As the weather warms up, things get a little busier for Canoe Kentucky.

The paddling season for the canoe and kayak retailer begins on April 1, when the company starts boat rentals for the summer. Canoe Kentucky has also added new tours, more summer camps and expanded the Kentucky River Jam art and music festival.

Nathan and Allison Depenbrock are the current owners of the family-owned business that has been operating for about 38 years. It focuses on retail for kayak and canoeing as well as paddle boating on the Elkhorn Creek, said Chris Howard, Canoe Kentucky’s outreach coordinator.

“Earlier in the summer, the better,” Howard said. “The water is better. There’s prettier views of wildlife. If someone is just wanting to come out and rent for the day, April, May, June is beautiful.”

Canoe Kentucky is also partnering with West Sixth Farm and Buffalo Trace Distillery for paddle tours. For the West Sixth Farm paddle tours, attendees will meet at the farm before being shuttled to Canoe Kentucky to launch a six-mile tour of Elkhorn Creek. Following the trip, attendees will go back to the farm to tour the facility and visit the taproom. The April 7 West Sixth Farm tour sold out in 24 hours, but the April 28 event is still open, according to Canoe Kentucky’s Facebook page.

The Buffalo Trace paddle tour is on June 9 and will travel through Lock and Dam No. 4 to the distillery, where paddlers will tour the grounds for 45 minutes and then have a barbecue lunch. Canoe Kentucky’s Facebook page estimates the trip will take around three hours. The two companies partnered for a similar tour in the past.

Canoe Kentucky has had its summer camp program for about five years, Howard said, but has expanded this season to 17 different camps. The business is bringing back its Adventure Camp, which is a day camp that runs on weekdays throughout the camp season. Canoe Kentucky also has an overnight camp that will be for four weeks this summer and a Level Up camp, which is more challenging and adventurous for campers. A new fishing-specific camp has also been added to the schedule, Howard said.

The summer camps run from the first week of June to the second week of August and are for ages 5 to 15, Howard said. Those who are 16 and older could be a part of the counselor program.

The business also offers whitewater rafting on Elkhorn Creek as water is suitable for rafting, which may these limited trips due to water levels, Howard said. These are guided trips only.

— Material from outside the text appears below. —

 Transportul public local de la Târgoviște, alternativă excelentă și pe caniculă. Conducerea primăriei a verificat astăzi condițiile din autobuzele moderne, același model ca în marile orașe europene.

Canoe Kentucky also plans to host the Kentucky River Jam again this year, adding two more dates than last year. Howard said the festival is the business’ biggest event it has planned. Kentucky Employees Credit Union is the financial sponsor while Canoe Kentucky is the organizing sponsor, he said.

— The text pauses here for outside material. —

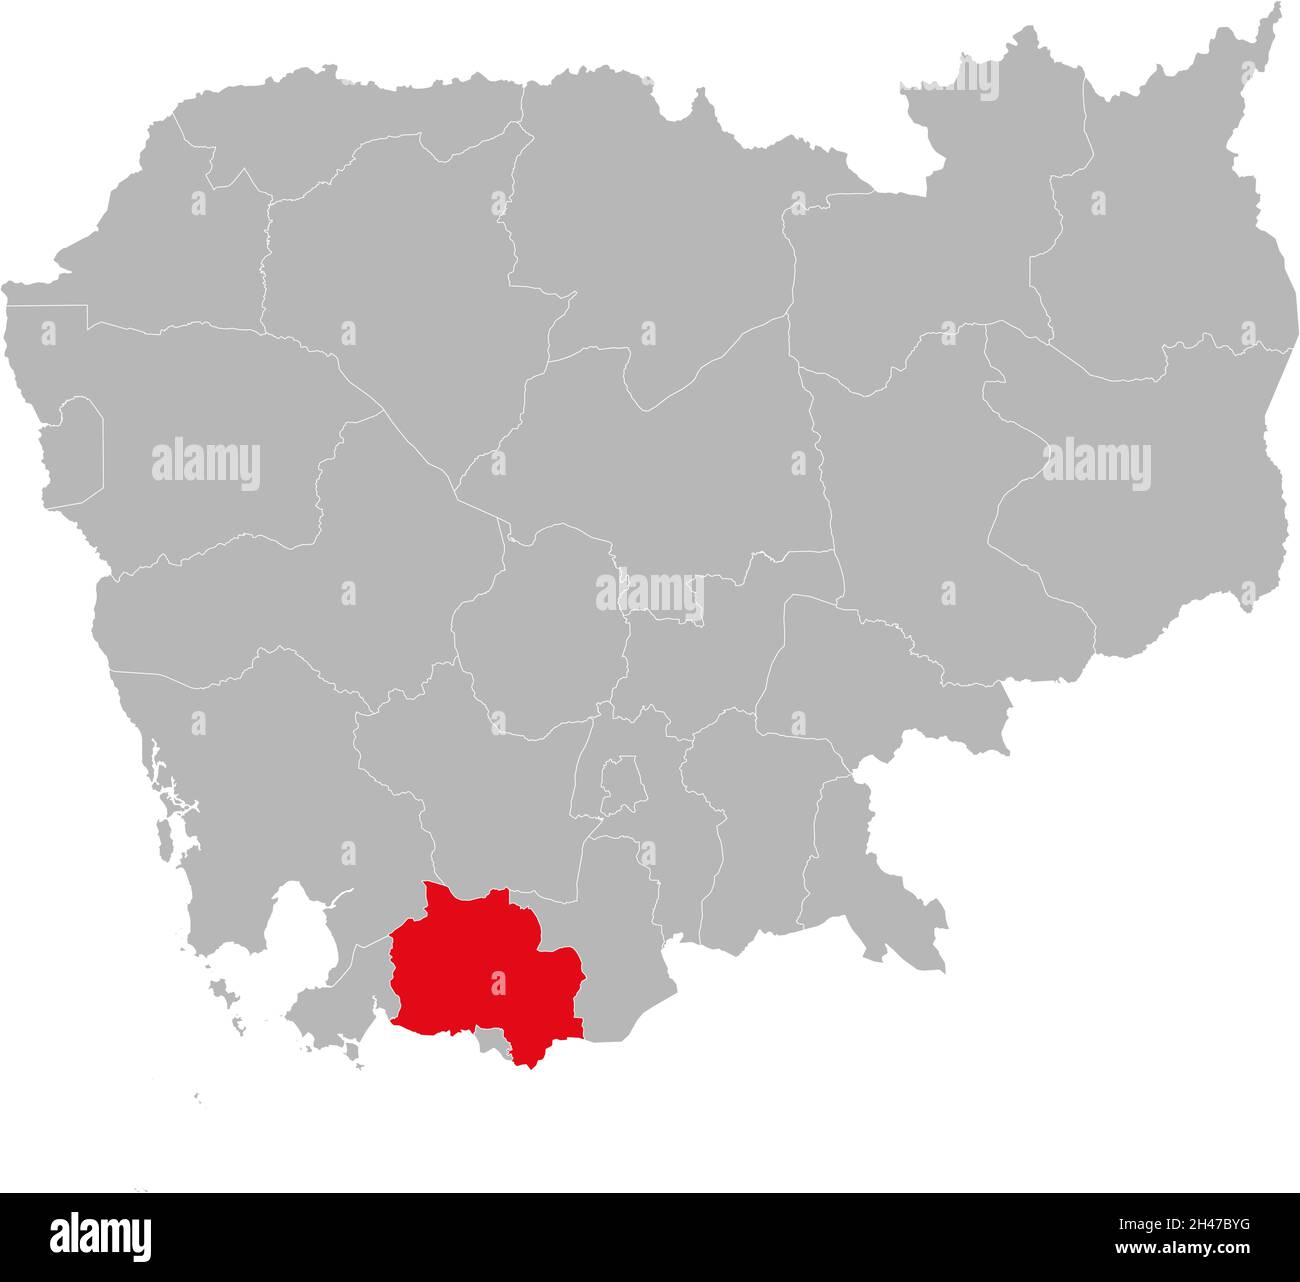 Kampot Provinz isoliert kambodscha Karte. Grauer Hintergrund. Geschäftskonzepte und -Hintergründe. Stock Vektor

“Those are bringing in bands that are not normally found in Frankfort,” Howard said.

The River Jams will be held on Saturdays in downtown Frankfort and have bands play while art vendors are set up during the concert. Proceeds from the booth fees each concert go to a different non-profit organization. Howard said the event is also still accepting vendors.

The dates, headliners and non-profits for the Kentucky River Jam are:

  • May 18, Down To The River, Bourbon Branch and Matthew Douglas Simpson and benefit the Kentucky Waterways Alliance
  • June 22, Driftwood Gypsy and Trippin Roots and benefit the Bluegrass Wildwater Association, Inc.
  • July 27, The Allman Butter Band and Dustin Collins and the non-profit is TBD
  • Sept. 14, 49 Winchester, Donnie Bowling and Prototype and benefit the Life Adventure Center
  • Oct. 19, Buck the Taxidermist and Lauren Mink and the non-profit is TBD

“Those are really fun. Those are really are biggest events that happen this summer,” Howard said.

While many of these events are in Frankfort’s backyard, Howard said a lot of locals do not attend these events. He said many come from Lexington or Louisville to take advantage of Canoe Kentucky’s summer events and programs. The business hopes that events like the Kentucky River Jam and the summer camps could strengthen its tie to the community.

“That’s why we do the Kentucky River Jam, why we have a presence on the Kentucky River in downtown Frankfort,” Howard said. “We’d really love to see a lot more people from Frankfort come out.”